# Looking to doing Screenprinting fullfillment and dropshipping.



## DirtyHounds (Aug 31, 2016)

I'm looking at maybe offering Screenprinting fullfillment and drop shipping. ANy tips out there that could point us into the right direction? How much is pricing affected, expected turn around times, etc.


----------



## brushyourideas (Oct 18, 2016)

Mainly the pricing depends on the quality of printing. You will find various pricing models for your products, So the IMP question is which type of customers, you may have. 

For the turn around times, It's depends on the 2-3 days + travelling time many be.


----------



## BandPrints (Feb 4, 2007)

Pricing for screen printing is based on quantity and number of colors in your design. A great rule of thump is 1 or 2 dozen per ink color in your design. This helps balance the setup costs with your quantity. Of course lower quantities can be printed but many times depending on the color count digital printing can become price competitive.

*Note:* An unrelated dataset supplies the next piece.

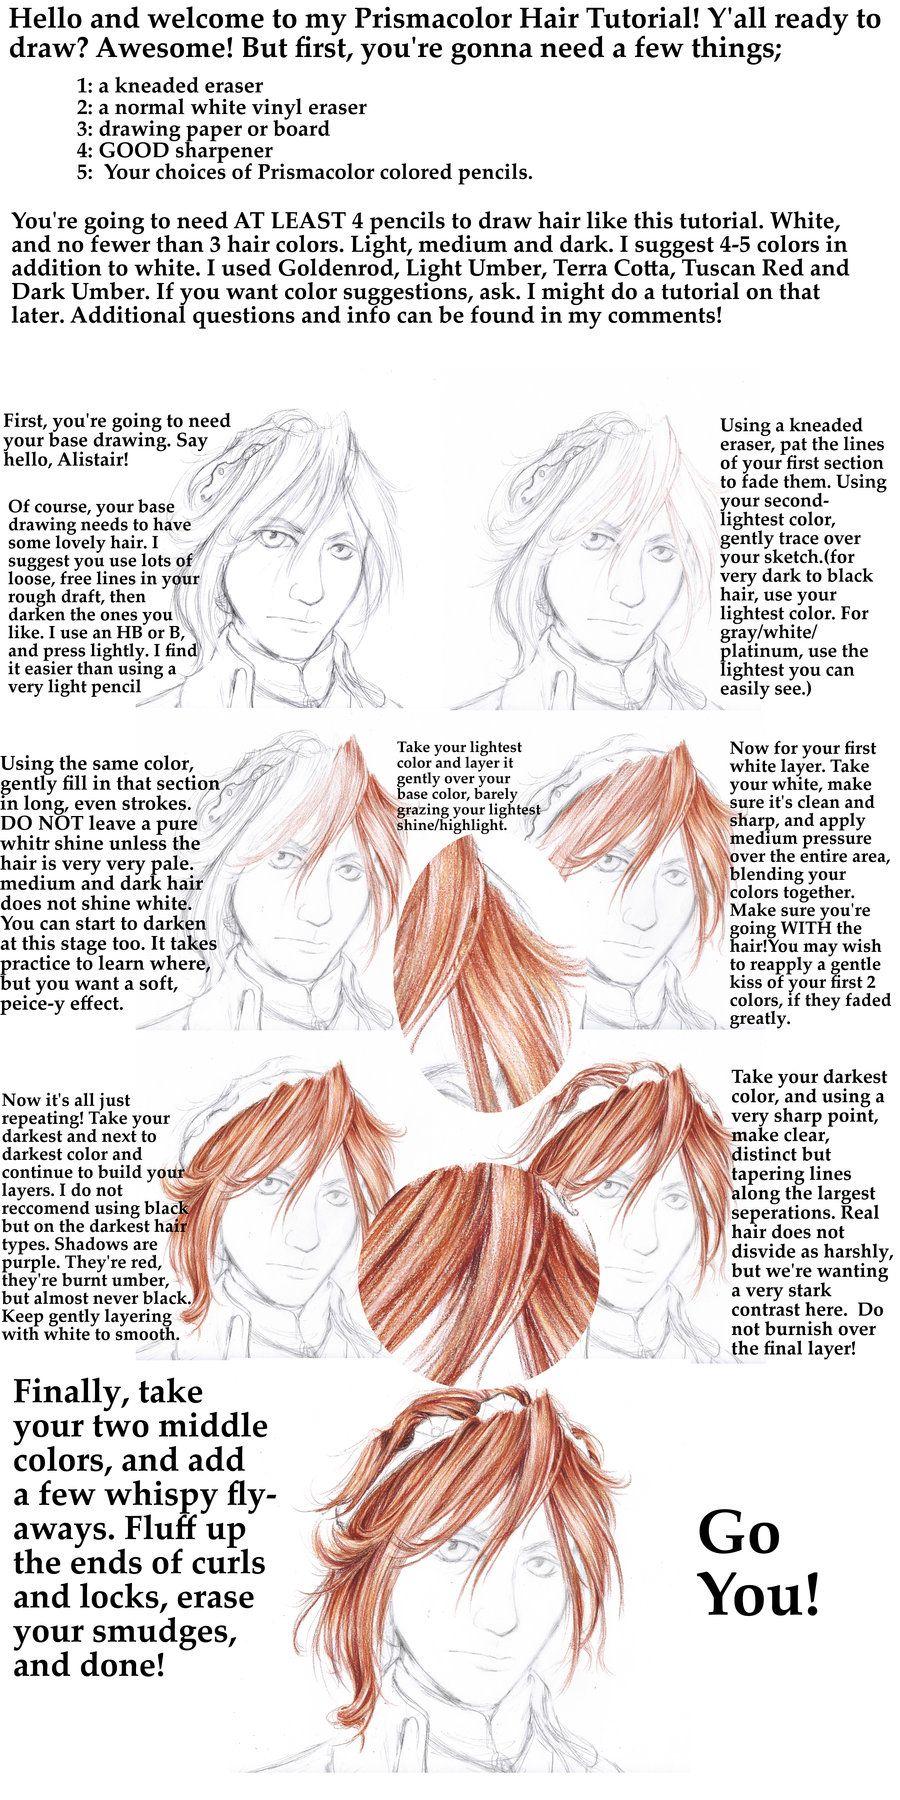 Prismacolor pencil hair tutorial by shondrea on deviantart
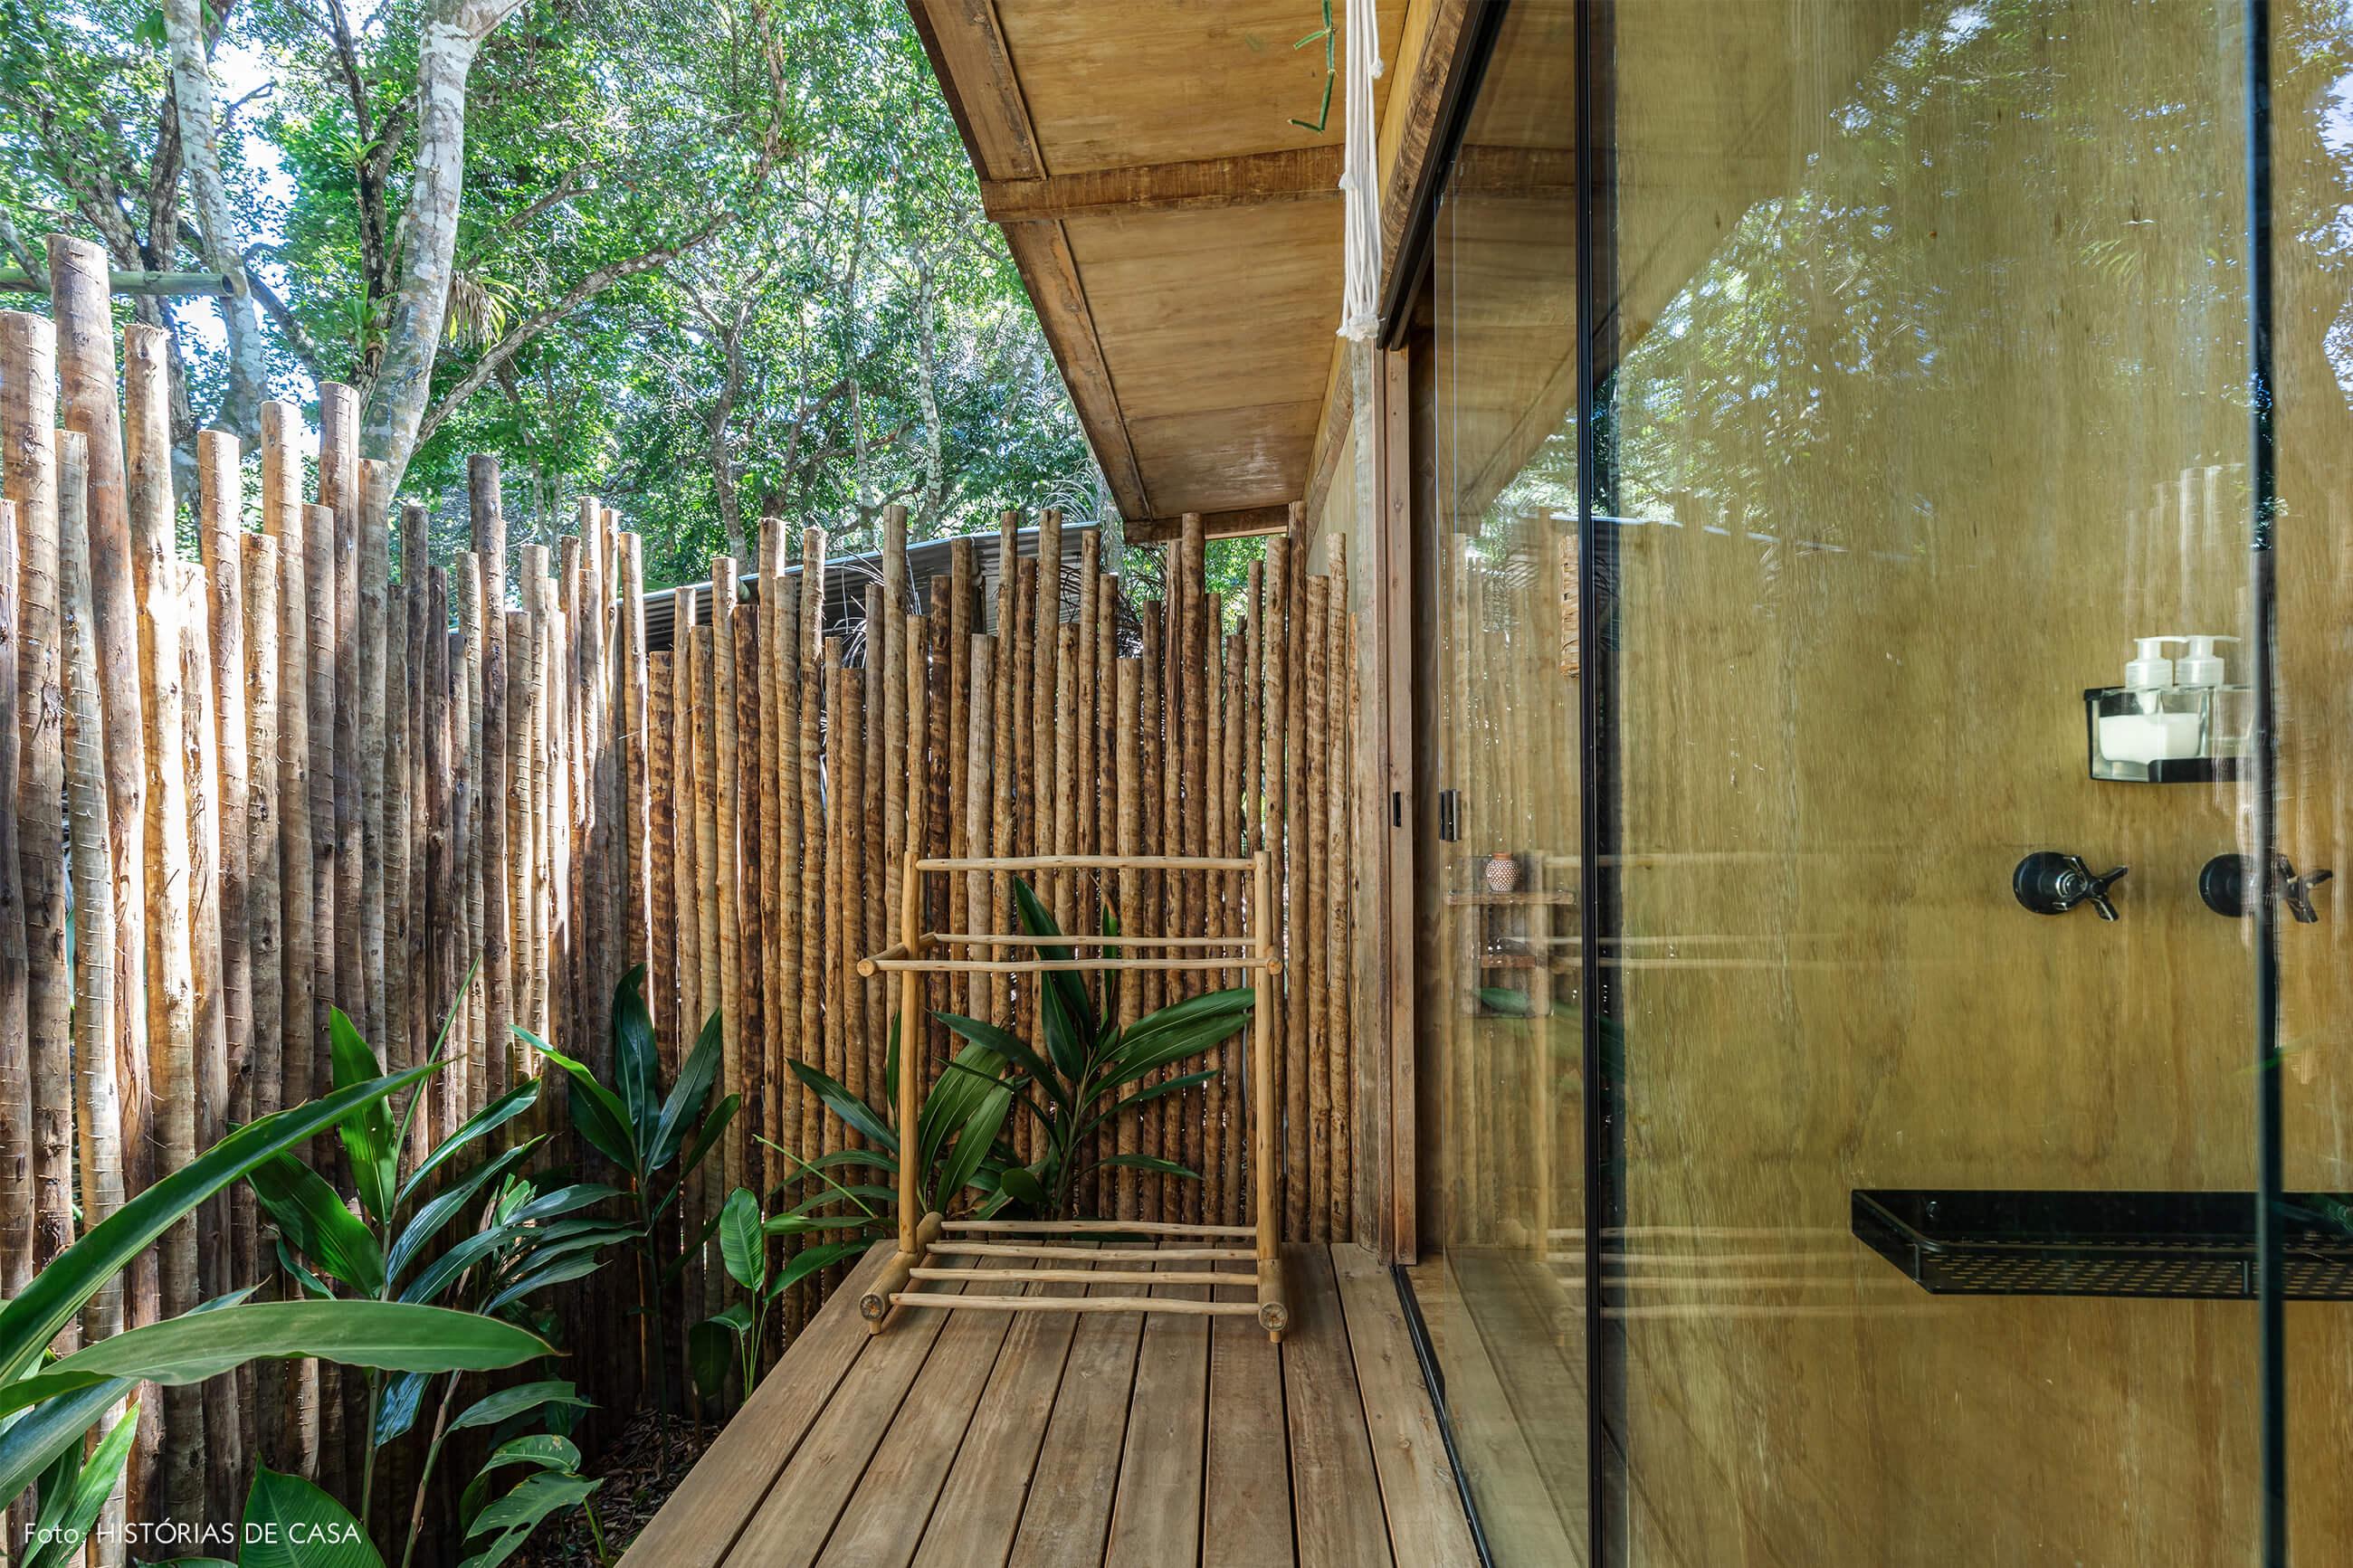 trancoso-decoracao-hotel-villase7e-31-banheiroporta-vidro-muro-bambus-jardim

Average printing teams should be in the 3-7 days depending on run size, garment styles being printed, and locations. A standard screen printing company is usually 3-14 days for turnaround with many variables to adjust for. Making sure you have vector print ready artwork is a key to fast turnaround since the art department can output film quickly to make the screens.


----------



## ultraprintworks (Mar 2, 2015)

If you're looking for screen printing fulfillment you will need to hold inventory. If you're looking for made to order I would suggest going the DTG route. Most local shops have a 36 - 48 minimum per style for screen printing.


----------